U.S. Bankruptcy Court Judge Steven Rhodes agreed on Monday to the expedited hearing requested by emergency manager Kevyn Orr in response to a Michigan court judge’s order for Orr to withdraw the Chapter 9 bankruptcy filing on state constitutional grounds.
If Orr’s request is granted, top Michigan state officials, Orr and others would also be protected from litigation regarding Thursday’s bankruptcy petition.
Concerned that retirement benefits will be slashed, Detroit retirees, workers and pension funds have been running to state court in Michigan’s capital of Lansing in an effort to derail the biggest Chapter 9 municipal bankruptcy in U.S. history.

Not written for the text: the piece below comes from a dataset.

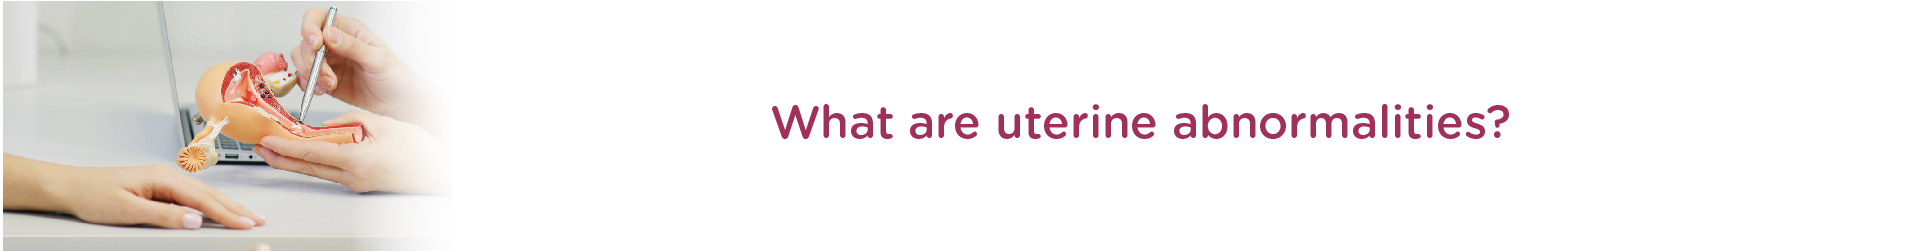 What are Uterine Abnormalities?

The sooner Detroit faces the music, the less remote the city’s chances of actual fiscal recovery, and Orr is reportedly trying to speed things along — but of course, the obligatory voices on the left are calling for the federal government to step in with a bailout and magically wipe their slate clean for them. First of all, I might venture that the federal government is currently running a yearly deficit of more than a trillion dollars, and that American taxpayers don’t have the money to spare for a city that willfully ran itself into the ground for decades. Secondly, as Mayor Dave Bing actually pointed out the other day when professing that, yeah, Detroit would “love” for Washington to bail them out, one of the biggest problems there is the precedent it sets for other cities in urgent need of financial reform. Detroit’s billions of dollars of debt perhaps sound like peanuts compared to the schemes the federal government is running, except that Detroit is hardly the only major city that’s been hovering dangerously close to the fiscal abyss with accumulated deficits and unfunded liabilities, and it could be that other cities are getting ready to follow behind. Says the Detroit Free Press:
From Baltimore to Los Angeles, and many points in between, municipalities are increasingly confronted with how to pay for these massive promises. The Pew Center for the States, in Washington, estimated states’ public pension plans across the U.S. were underfunded by a whopping $1.4 trillion in 2010. …

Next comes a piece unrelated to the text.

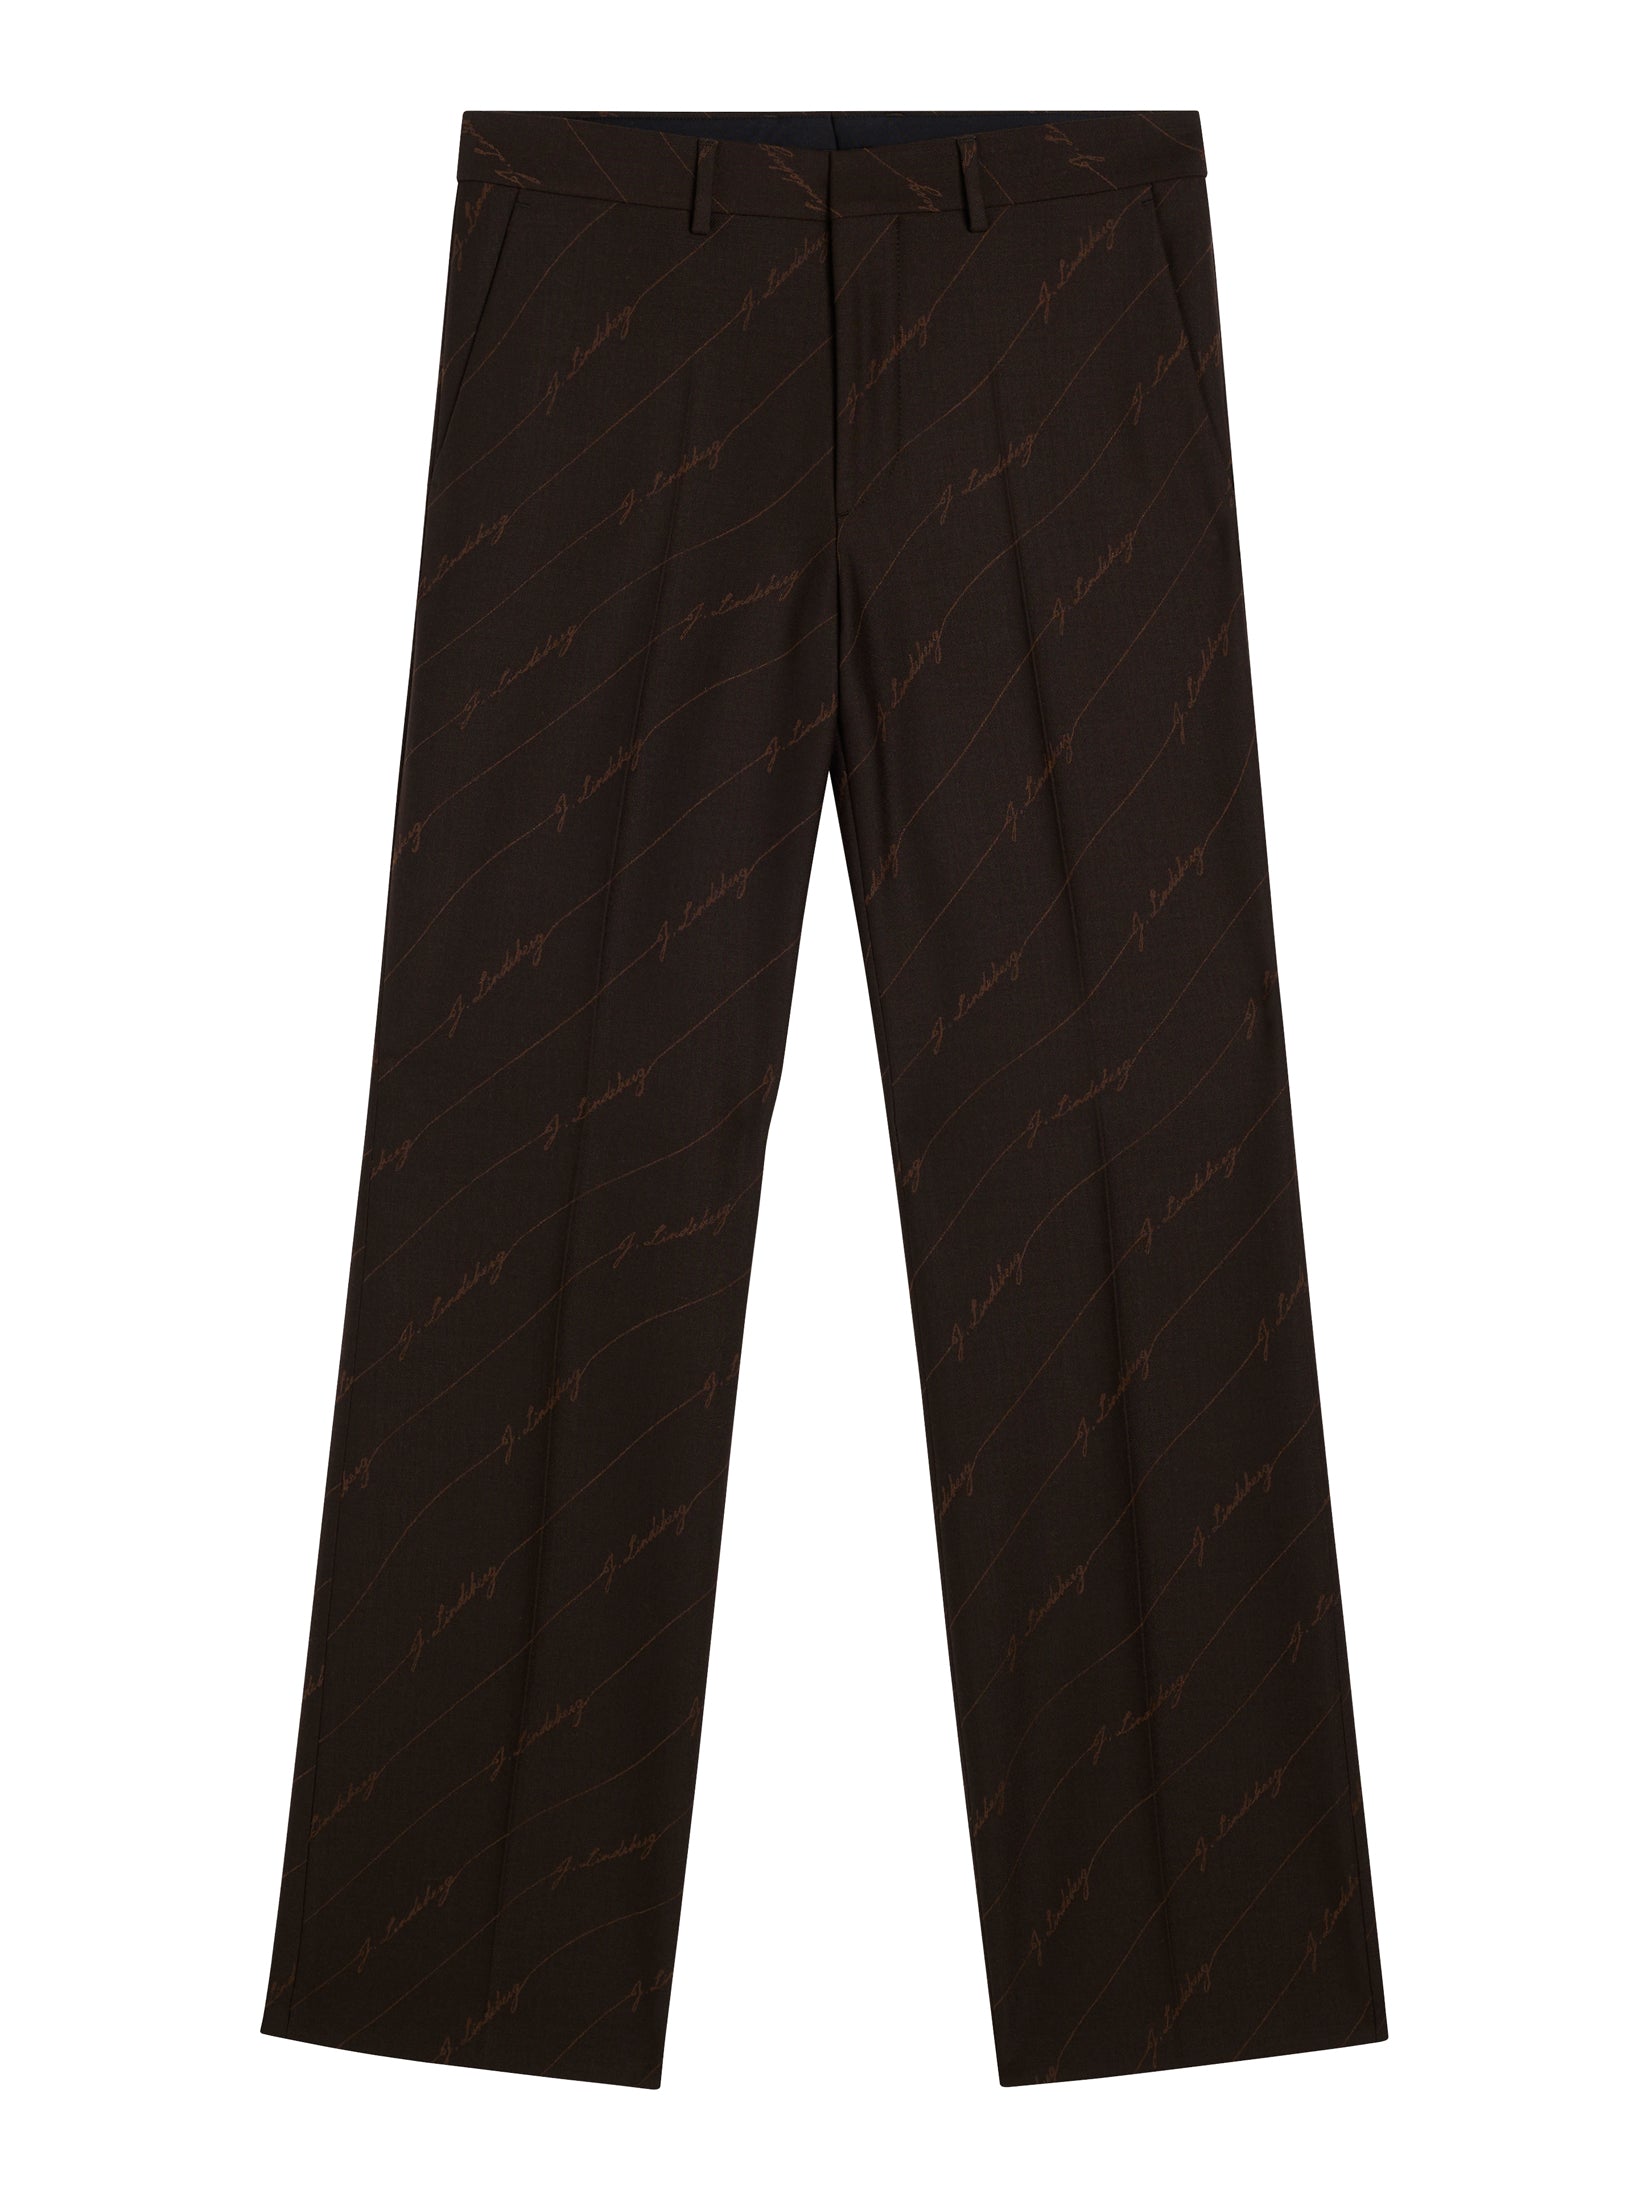 Gomor Brown Stripe Pants

As examples of the results: Chicago recently saw its credit rating downgraded because of a $19-billion unfunded pension liability that the ratings service Moody’s puts closer to $36 billion. And Los Angeles could be facing a liability of more than $30 billion, by some estimates. …
Early this year, the Pew Center released a survey showing that 61 of the nation’s largest cities — limiting the survey to the largest city in each state and all other cities with more than 500,000 people — had a gap of more than $217 billion in unfunded pension and health care liabilities. While cities had long promised health care, life insurance and other benefits to retirees, “few … started saving to cover the long-term costs,” the report said. …
Last Monday, the bond rating house Moody’s also downgraded Cincinnati’s general obligation bonds, citing “budgetary pressure” from pension contributions. Its downgrade was to Aa2 — still a lot higher than Detroit’s Caa3 for its general obligation bonds — but another part of the trend.
Detroit may have been the biggest city to have filed for municipal bankruptcy, but it certainly wasn’t the first to do so — and it’s unlikely to be the last while major cities refuse to summon the necessary political will to stop piling up unsustainable amounts of debt and accept that it’s time to reform the extravagant pension and benefit systems for which they have no real plans to pay.